═════ Provided data

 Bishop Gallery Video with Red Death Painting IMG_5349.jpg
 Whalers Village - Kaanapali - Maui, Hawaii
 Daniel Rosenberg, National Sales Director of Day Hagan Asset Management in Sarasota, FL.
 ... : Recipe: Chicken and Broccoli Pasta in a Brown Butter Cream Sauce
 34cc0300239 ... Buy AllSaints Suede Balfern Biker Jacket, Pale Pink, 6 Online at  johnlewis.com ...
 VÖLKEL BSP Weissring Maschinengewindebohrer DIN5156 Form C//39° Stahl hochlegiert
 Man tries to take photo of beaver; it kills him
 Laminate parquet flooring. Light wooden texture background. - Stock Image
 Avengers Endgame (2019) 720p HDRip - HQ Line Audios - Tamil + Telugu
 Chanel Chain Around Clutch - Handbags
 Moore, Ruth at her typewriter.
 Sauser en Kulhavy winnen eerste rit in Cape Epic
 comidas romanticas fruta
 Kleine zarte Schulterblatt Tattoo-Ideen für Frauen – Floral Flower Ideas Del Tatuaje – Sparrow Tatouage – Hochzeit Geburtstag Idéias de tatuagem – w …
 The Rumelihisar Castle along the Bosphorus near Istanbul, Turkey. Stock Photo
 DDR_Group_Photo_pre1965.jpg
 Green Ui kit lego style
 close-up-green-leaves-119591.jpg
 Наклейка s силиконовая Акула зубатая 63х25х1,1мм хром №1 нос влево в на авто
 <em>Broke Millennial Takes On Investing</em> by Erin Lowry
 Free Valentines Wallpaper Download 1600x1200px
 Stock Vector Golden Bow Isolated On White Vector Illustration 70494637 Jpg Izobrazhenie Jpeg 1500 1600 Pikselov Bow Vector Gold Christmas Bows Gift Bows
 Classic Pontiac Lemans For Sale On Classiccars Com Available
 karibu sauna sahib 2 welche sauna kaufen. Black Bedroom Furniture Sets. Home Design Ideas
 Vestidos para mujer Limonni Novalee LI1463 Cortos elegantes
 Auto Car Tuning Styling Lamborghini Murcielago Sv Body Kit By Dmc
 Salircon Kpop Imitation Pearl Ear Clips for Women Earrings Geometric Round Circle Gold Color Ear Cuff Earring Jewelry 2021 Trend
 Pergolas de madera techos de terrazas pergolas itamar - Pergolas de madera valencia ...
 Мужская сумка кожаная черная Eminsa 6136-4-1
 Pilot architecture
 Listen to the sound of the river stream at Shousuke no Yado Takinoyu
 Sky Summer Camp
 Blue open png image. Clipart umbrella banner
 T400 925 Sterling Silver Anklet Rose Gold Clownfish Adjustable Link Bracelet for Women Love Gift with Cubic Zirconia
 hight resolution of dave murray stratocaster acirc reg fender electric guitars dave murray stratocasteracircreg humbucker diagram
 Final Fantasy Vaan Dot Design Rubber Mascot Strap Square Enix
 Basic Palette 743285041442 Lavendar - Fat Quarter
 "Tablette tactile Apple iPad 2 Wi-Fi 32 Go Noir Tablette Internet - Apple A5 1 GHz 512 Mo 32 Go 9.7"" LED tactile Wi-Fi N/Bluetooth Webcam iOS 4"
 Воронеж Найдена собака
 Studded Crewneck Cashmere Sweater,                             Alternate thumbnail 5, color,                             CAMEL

══════════

* _Exercise description_
Exactly as they stand in the records above, print the lines from the one containing "Stock Vector Golden" through the final line, inclusive.

* _Answer to the exercise_
 Stock Vector Golden Bow Isolated On White Vector Illustration 70494637 Jpg Izobrazhenie Jpeg 1500 1600 Pikselov Bow Vector Gold Christmas Bows Gift Bows
 Classic Pontiac Lemans For Sale On Classiccars Com Available
 karibu sauna sahib 2 welche sauna kaufen. Black Bedroom Furniture Sets. Home Design Ideas
 Vestidos para mujer Limonni Novalee LI1463 Cortos elegantes
 Auto Car Tuning Styling Lamborghini Murcielago Sv Body Kit By Dmc
 Salircon Kpop Imitation Pearl Ear Clips for Women Earrings Geometric Round Circle Gold Color Ear Cuff Earring Jewelry 2021 Trend
 Pergolas de madera techos de terrazas pergolas itamar - Pergolas de madera valencia ...
 Мужская сумка кожаная черная Eminsa 6136-4-1
 Pilot architecture
 Listen to the sound of the river stream at Shousuke no Yado Takinoyu
 Sky Summer Camp
 Blue open png image. Clipart umbrella banner
 T400 925 Sterling Silver Anklet Rose Gold Clownfish Adjustable Link Bracelet for Women Love Gift with Cubic Zirconia
 hight resolution of dave murray stratocaster acirc reg fender electric guitars dave murray stratocasteracircreg humbucker diagram
 Final Fantasy Vaan Dot Design Rubber Mascot Strap Square Enix
 Basic Palette 743285041442 Lavendar - Fat Quarter
 "Tablette tactile Apple iPad 2 Wi-Fi 32 Go Noir Tablette Internet - Apple A5 1 GHz 512 Mo 32 Go 9.7"" LED tactile Wi-Fi N/Bluetooth Webcam iOS 4"
 Воронеж Найдена собака
 Studded Crewneck Cashmere Sweater,                             Alternate thumbnail 5, color,                             CAMEL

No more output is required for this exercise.